FOR THE BEGINNER:
need help with a drinking problem?
12 suggestions to get you started.
These suggestions come from the collective experience of AA members who have found them to be helpful in maintaining sobriety. we hope you will find them helpful too.
1. We don’t drink these 24 hours, or just don’t drink for the next hour or the next minute. Whatever works in that moment. if you feel like drinking, postpone the first drink!
2. If a desire to drink should occur – and it’s very likely – we make a commitment to ourselves to call and tell another alcoholic. Telling another that we want to drink will take the power out of the obsession & compulsion.
3. Go to lots of AA meetings. Plan to attend 90 meetings in 90 days. Plan your day around a meeting.
4. Change routines – especially at drinking hours – to break up old habit patterns.

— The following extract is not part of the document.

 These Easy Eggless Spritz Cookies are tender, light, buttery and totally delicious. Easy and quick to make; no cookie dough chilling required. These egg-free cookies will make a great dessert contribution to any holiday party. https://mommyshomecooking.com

5. Find a “home group”, which is a meeting you attend weekly.
6. Get a service commitment at a meeting. For example, there is a lot to be done before and after the meeting, ensuring that it takes place. We can always give a hand and ask where our help is needed.
7. It is said that the opposite of addiction is connection, get lots of numbers of other members, and make daily recovery phone calls.

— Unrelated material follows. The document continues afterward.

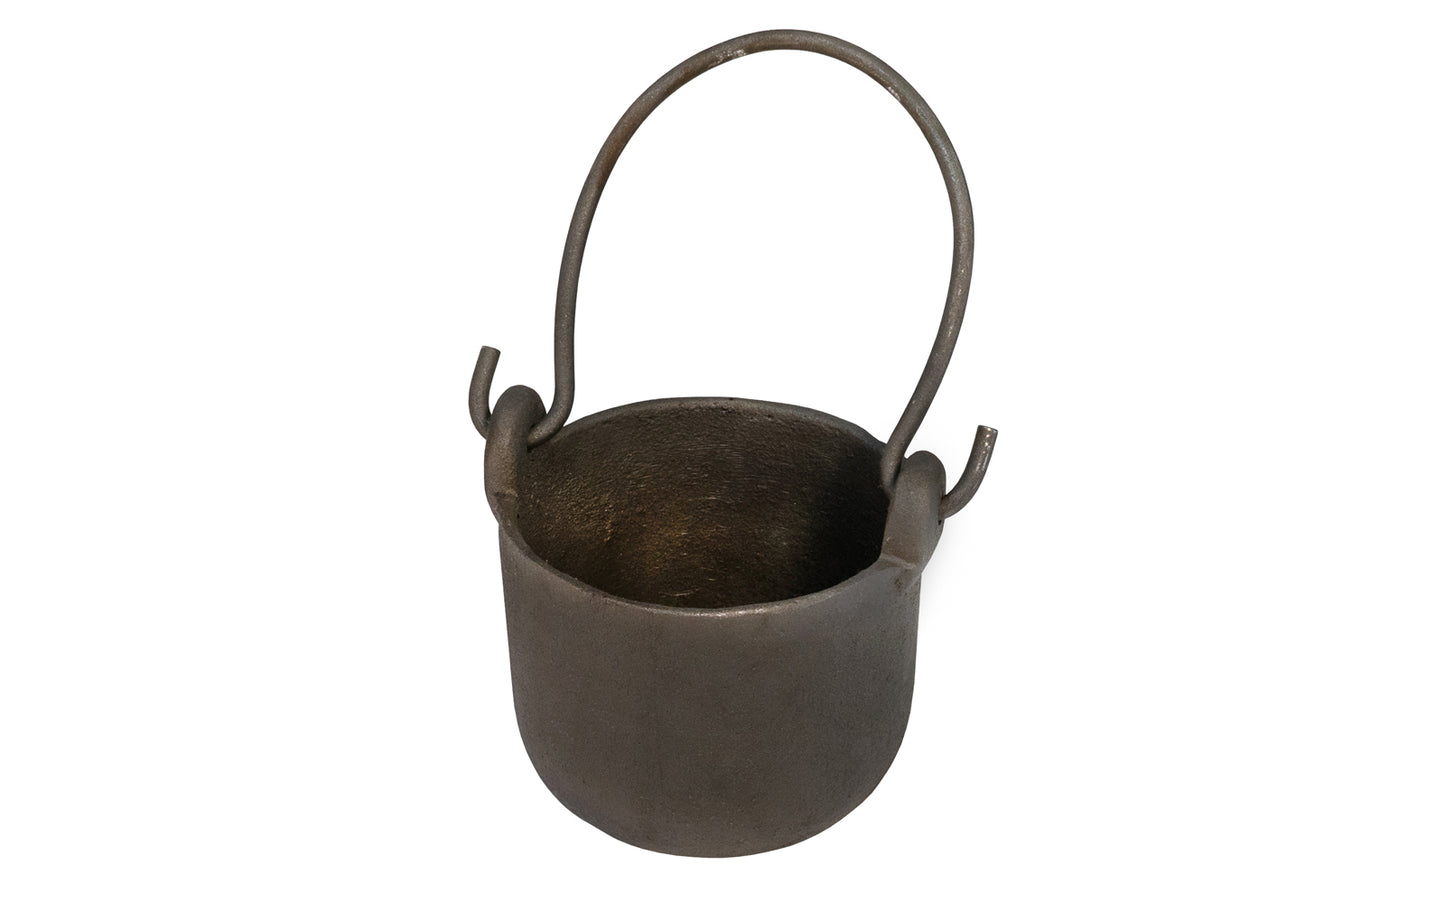 A tough & hefty USA-made soldering pot made by C.S. Osborne. Made of cast iron material with a handle. Heavy quality for long use. 2 lbs 3 oz. total weight.   Made in the USA - CS Osborne Solder Pot - 4" Outside Diameter - 3" Depth of Bowl - Heavy Cast Iron Bowl - 4" O.D. - Model No. 398-4 - Soldering Bowl with handle - 096685618312

8.Always remember the AA HALT. Avoid getting too Hungry, Angry, Lonely or Tired.
9. Always remember the HOW of the program – Aim for Honesty, Open-mindedness, and Willingness.

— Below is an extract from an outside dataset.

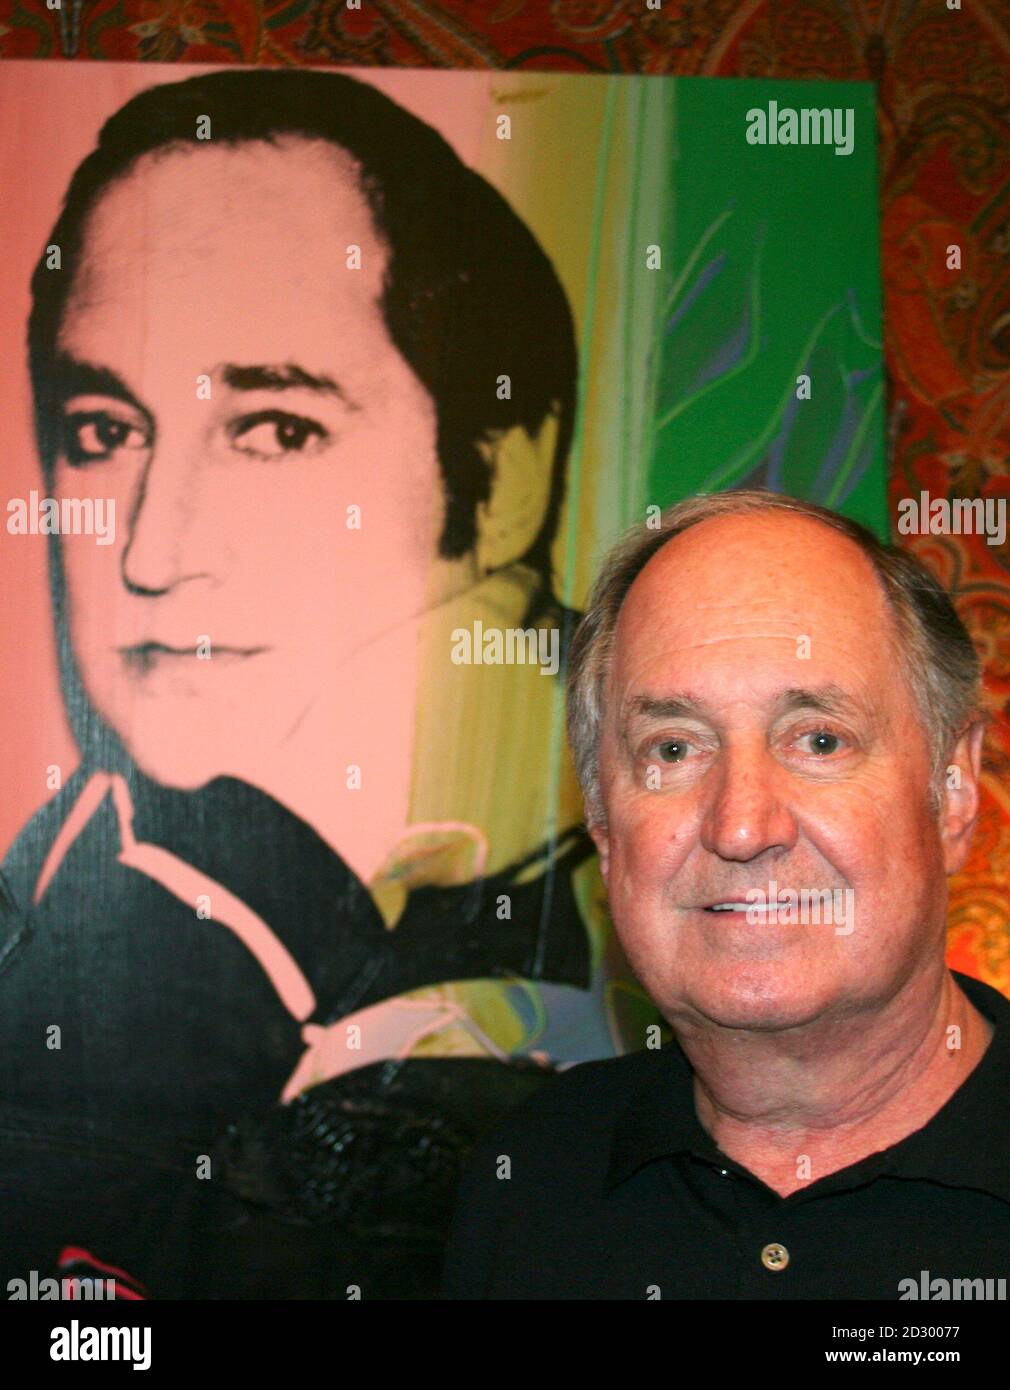 Singer Neil Sedaka poses with an Andy Warhol painting of himself at his apartment in New York January 19, 2010. When Tin Pan Alley ruled the world of pop music, Sedaka was one of the songwriters churning out hits in New York's legendary Brill Building that helped pre-Beatles teenagers go to the hop, fall in love and break up. Now, 50 years later, with over 1,000 songs to his credit, he has recorded 'The Music of My Life,' an album of original songs he performs that hit stores on January 26, 2010.      REUTERS/Steve James (UNITED STATES - Tags: ENTERTAINMENT) Stock Photo

10. Get lots of AA literature, including the Big Book, and the Living Sober Book – which are packed with great practical suggestions to help you stay sober.
11. Start working the Twelve Steps with a Sponsor, to fight such threats to sobriety as resentments, self-pity, and the tendency to dwell on the past or the future.
12. Prayer – in whatever form you prefer it. Ask your Higher Power for a sober day in the morning, and give thanks for a sober day in the evening.
If you seem to be having trouble with your drinking, or if your drinking has reached the point of where it worries you, you may be interested to know something about Alcoholics Anonymous and the AA programme of recovery from alcoholism.
Consider your drinking carefully in the light of what you learn from this website.
FOR THE FAMILY MEMBER, FRIEND & EMPLOYER:
Is there an alcoholic in your life?
If someone you care about has a drinking problem, A.A. might have a solution for them. A.A. has helped more than two million alcoholics stop drinking. Recovery works through one alcoholic sharing their experience with another.
Al‑Anon is a mutual support program for people whose lives have been affected by someone else’s drinking. By sharing common experiences and applying the Al-Anon principles, families and friends of alcoholics can bring positive changes to their individual situations, whether or not the alcoholic admits the existence of a drinking problem or seeks help.
Alateen, a part of the Al-Anon Family Groups, is a fellowship of young people (mostly teenagers) whose lives have been affected by someone else’s drinking whether they are in your life drinking or not. By attending Alateen, teenagers meet other teenagers with similar situations. Alateen is not a religious program and there are no fees or dues to belong to it.